Keep the images out and set the listing below down word for word.

**SUPPLIED MATERIAL**
Segment Open
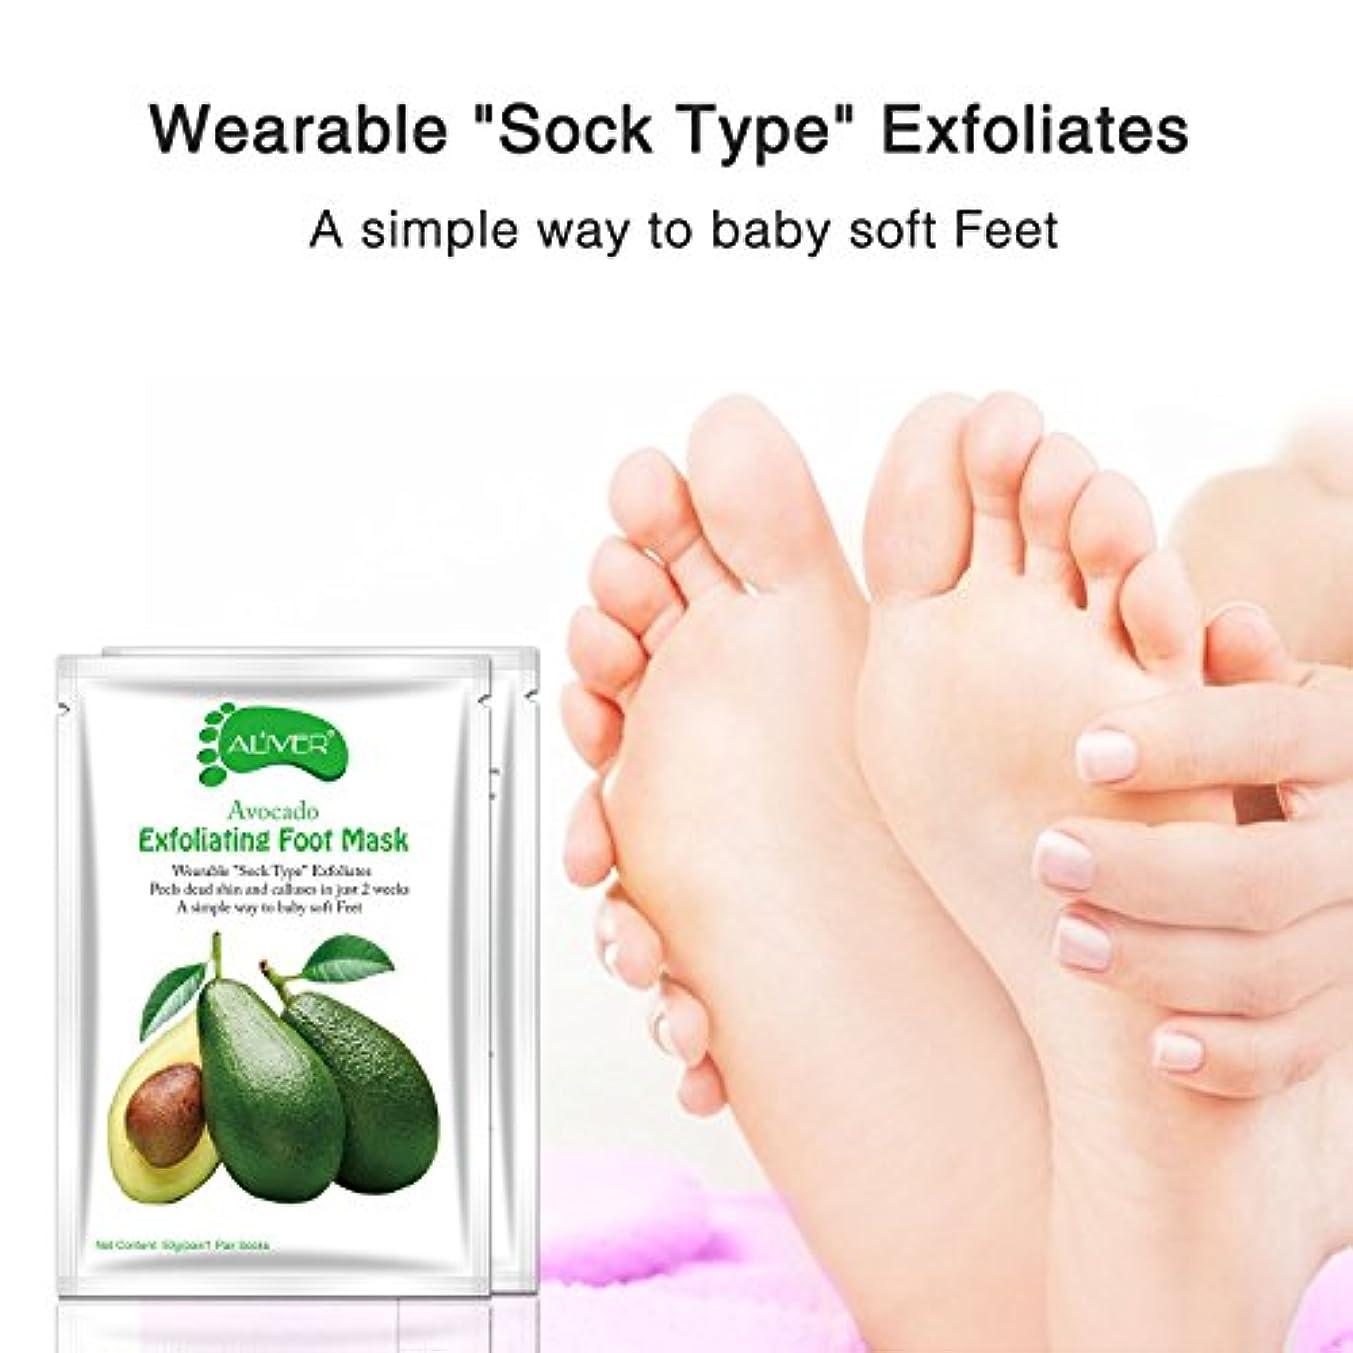 心から見分ける合成(5袋セット)Aliver足膜古い繭の死皮や角質を除去するために、1週間以内に柔らかい感触を得て、つるっとした足、ざらざらした足を修復します。男女ともに適用する。6種類の選択-パパイヤ足膜、バラ足膜、カモミール足膜、ラベンダー...
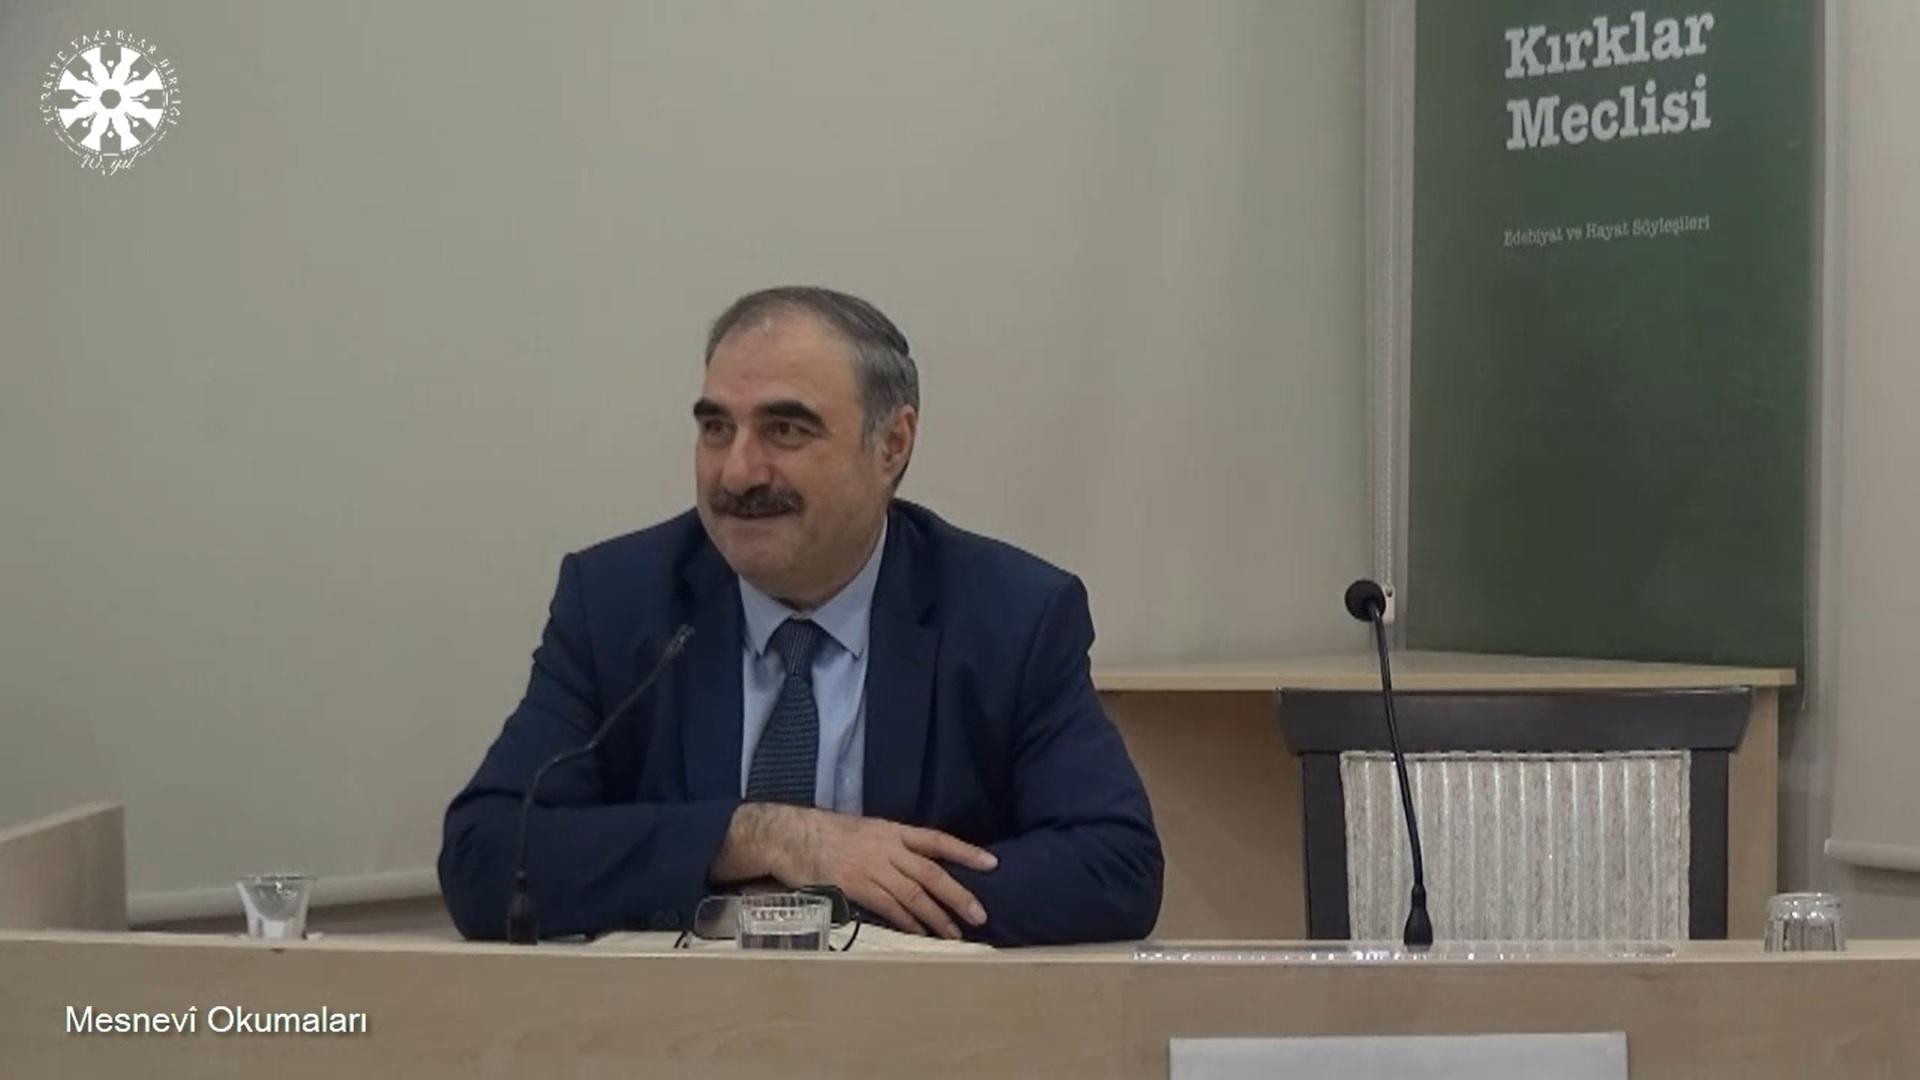 Mesnevî Okumaları -77- Doç. Dr. Yakup Şafak
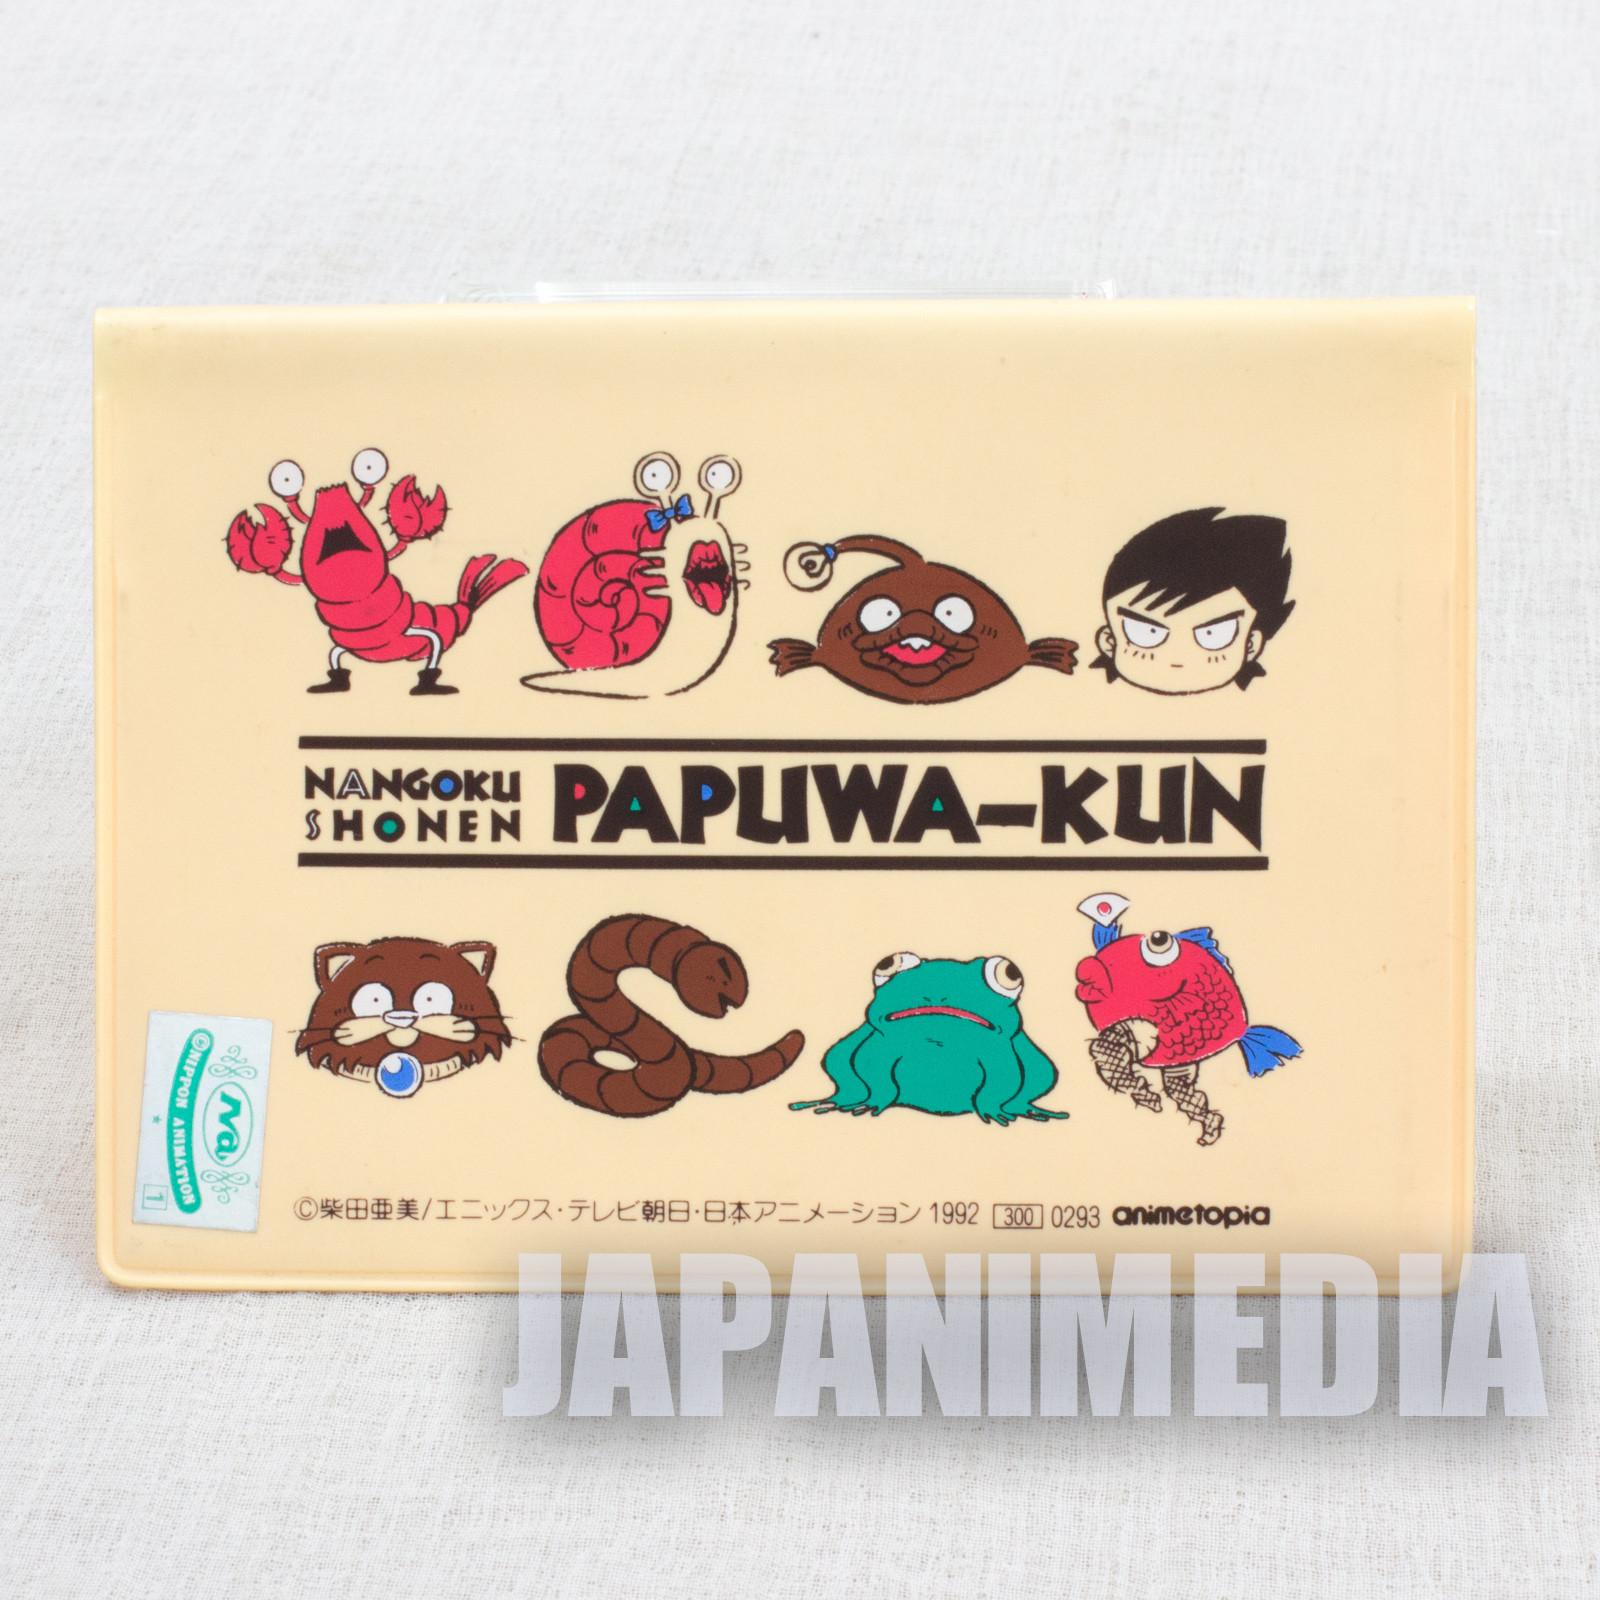 Nangoku Shonen PAPUWA Kun Card Case Holder JAPAN ANIME MANGA
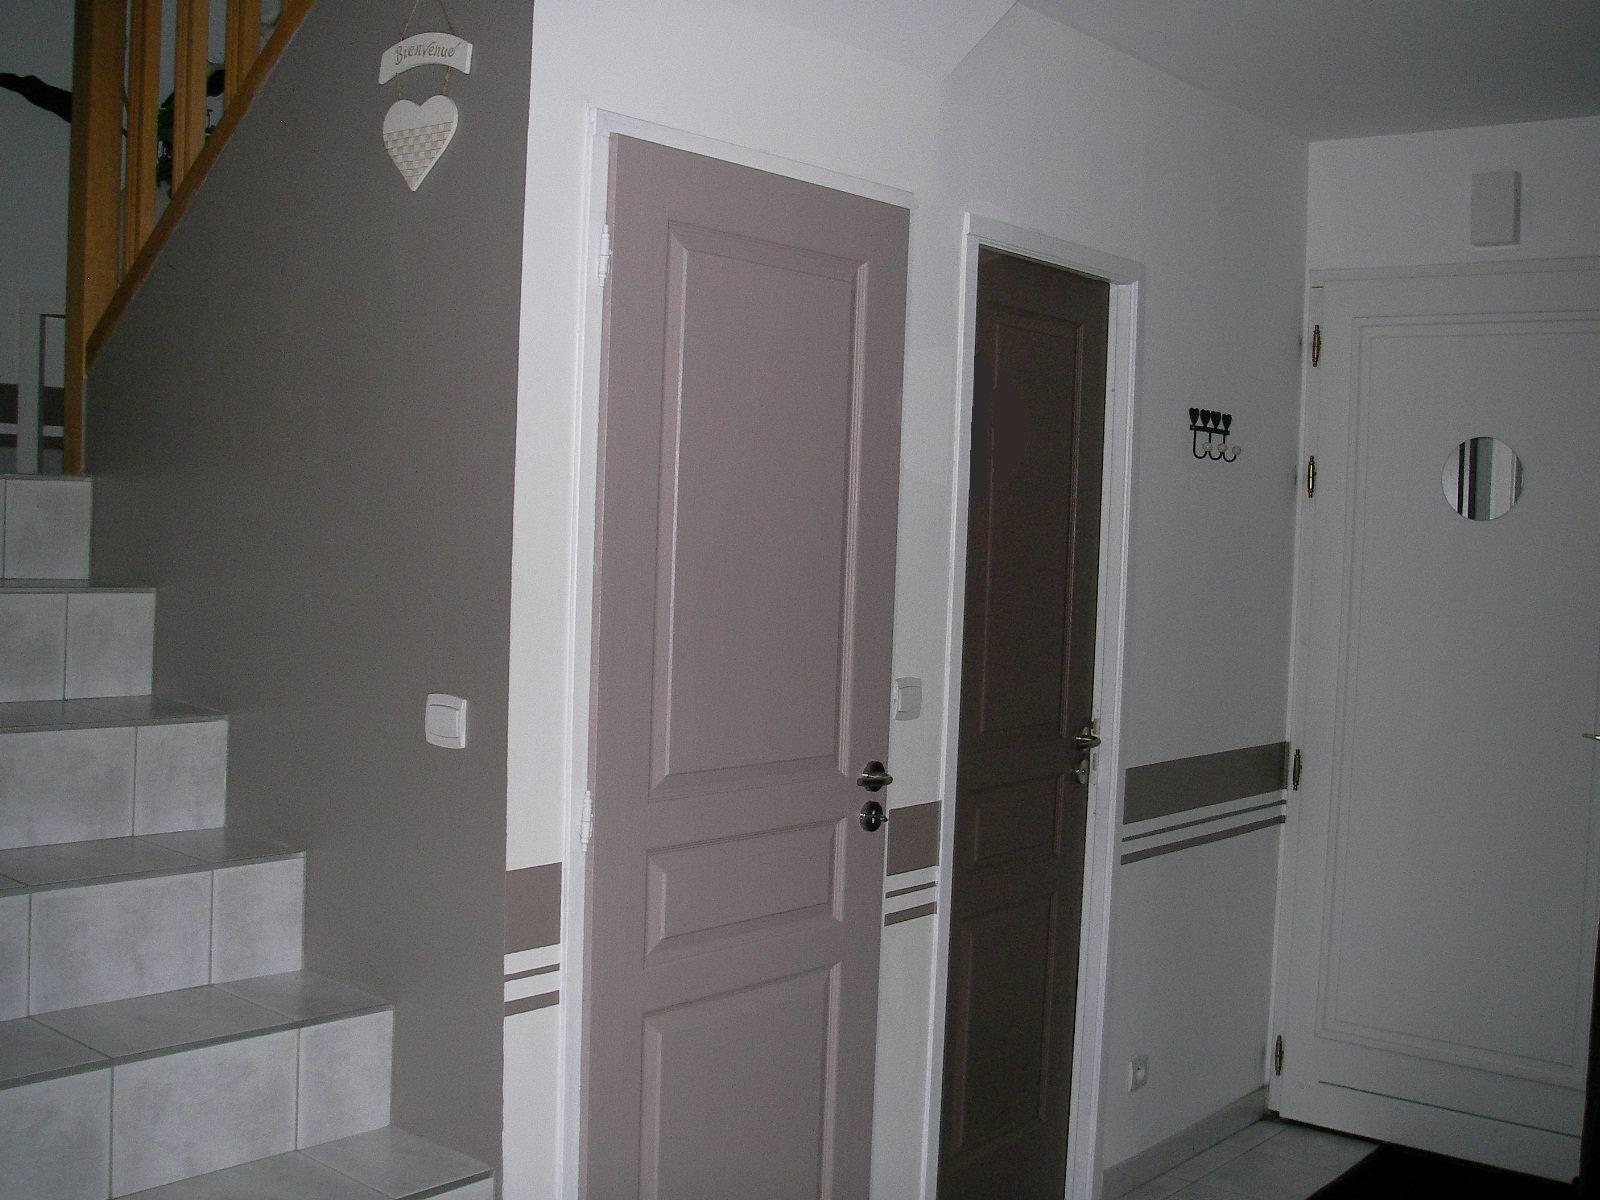 la d co de laetitia une fresque dans une descente d escalier. Black Bedroom Furniture Sets. Home Design Ideas
Segment Closed
**PROBLEM SOLUTION**
 心から見分ける合成(5袋セット)Aliver足膜古い繭の死皮や角質を除去するために、1週間以内に柔らかい感触を得て、つるっとした足、ざらざらした足を修復します。男女ともに適用する。6種類の選択-パパイヤ足膜、バラ足膜、カモミール足膜、ラベンダー...
 Mesnevî Okumaları -77- Doç. Dr. Yakup Şafak
 Nangoku Shonen PAPUWA Kun Card Case Holder JAPAN ANIME MANGA
 la d co de laetitia une fresque dans une descente d escalier. Black Bedroom Furniture Sets. Home Design Ideas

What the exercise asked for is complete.